R1 Jailbreakers Discover Major Security Vulnerability in Rabbit's Code

Rabbit and its R1 AI gadget are facing serious scrutiny again, this time due to a critical security flaw. A group of developers and researchers known as Rabbitude has revealed that it discovered hardcoded API keys within Rabbit's codebase, jeopardizing sensitive information. These keys provided access to Rabbit's accounts with third-party services, including ElevenLabs, its text-to-speech provider, and SendGrid, which Rabbit uses to send emails from its rabbit.tech domain.

According to Rabbitude, its access to the ElevenLabs API allowed it to retrieve every response generated by R1 devices, which poses a significant risk. The group reported gaining access to these keys over a month ago, and despite notifying Rabbit, the company initially took no action to secure the information. While some access to the keys has since been revoked, Rabbitude still retained access to the SendGrid key as of today.
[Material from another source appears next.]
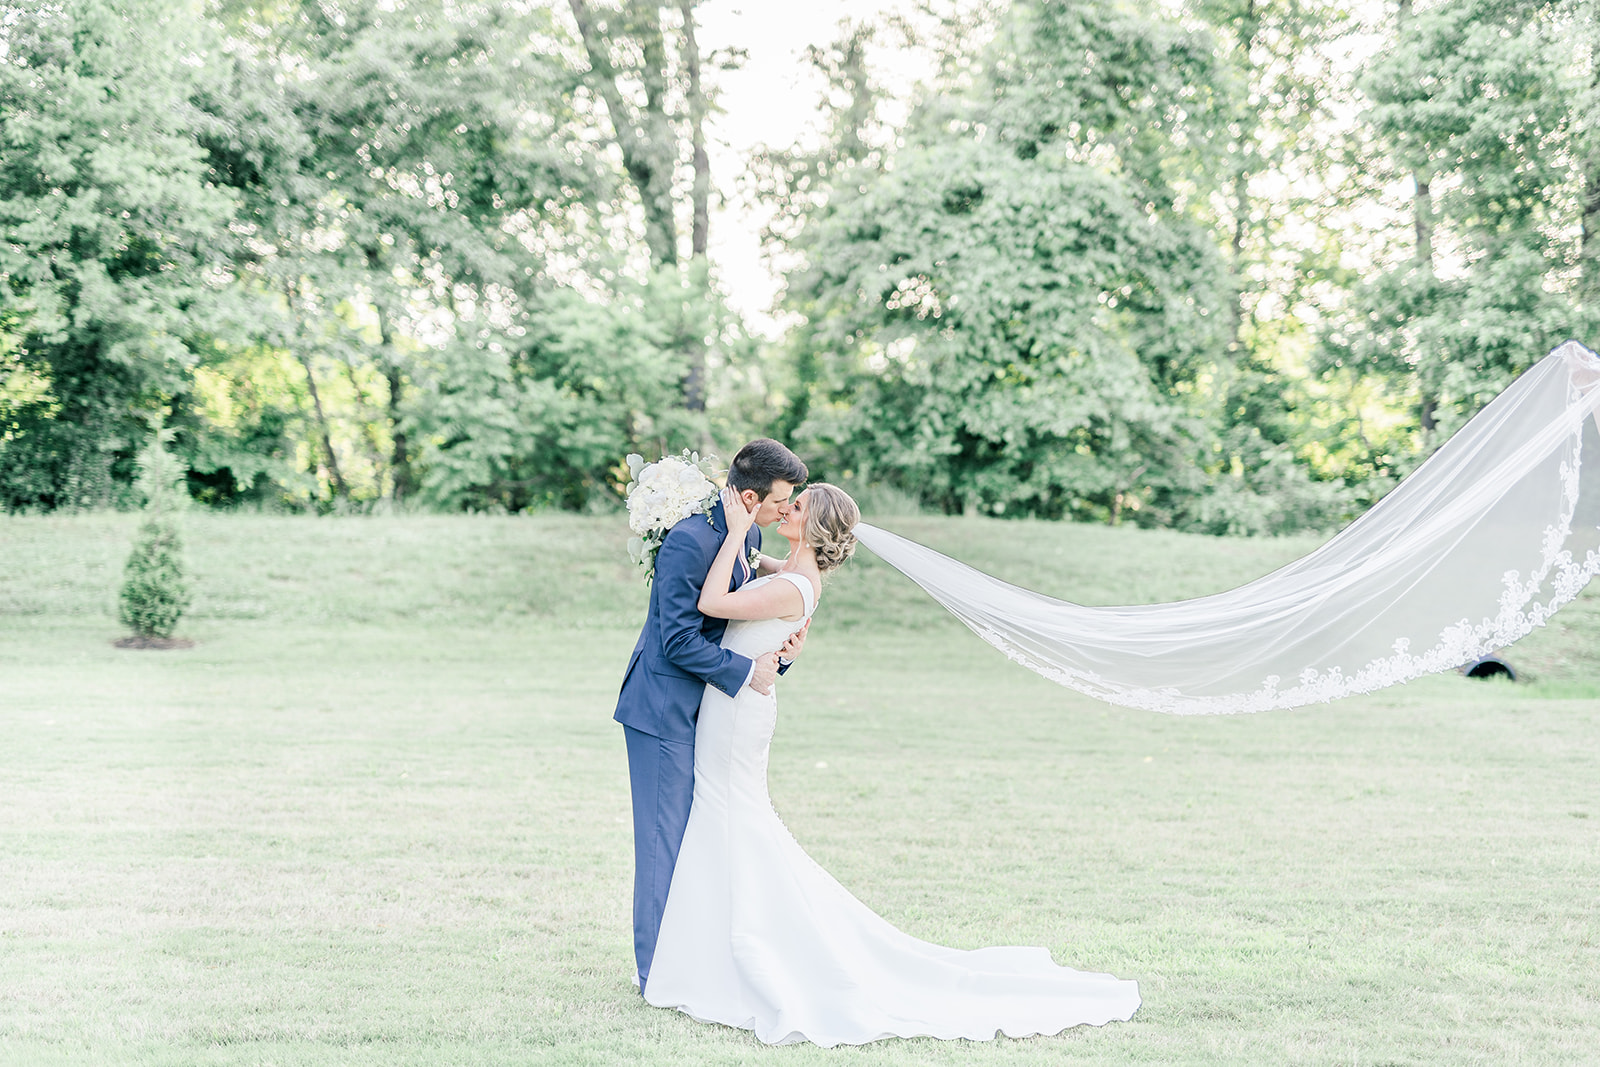 blush_wedding_at_white_oak_farms_medina_tn-00410.jpg

In response to this incident, Rabbit directed inquiries to a statement on its website. Company spokesperson Ryan Fenwick mentioned that they are updating the page to provide timely information. The statement reiterates a message shared on Rabbit’s Discord channel, indicating that the company is investigating the breach but has yet to identify any compromise of critical systems or customer data.

Despite its promising launch this spring, the Rabbit R1 has struggled with several issues, including poor battery life and a lack of essential features. While Rabbit has released software updates to address bugs, including battery drain, the core problem of underdelivering on expectations remains unaddressed. This recent security breach further complicates efforts to regain public trust.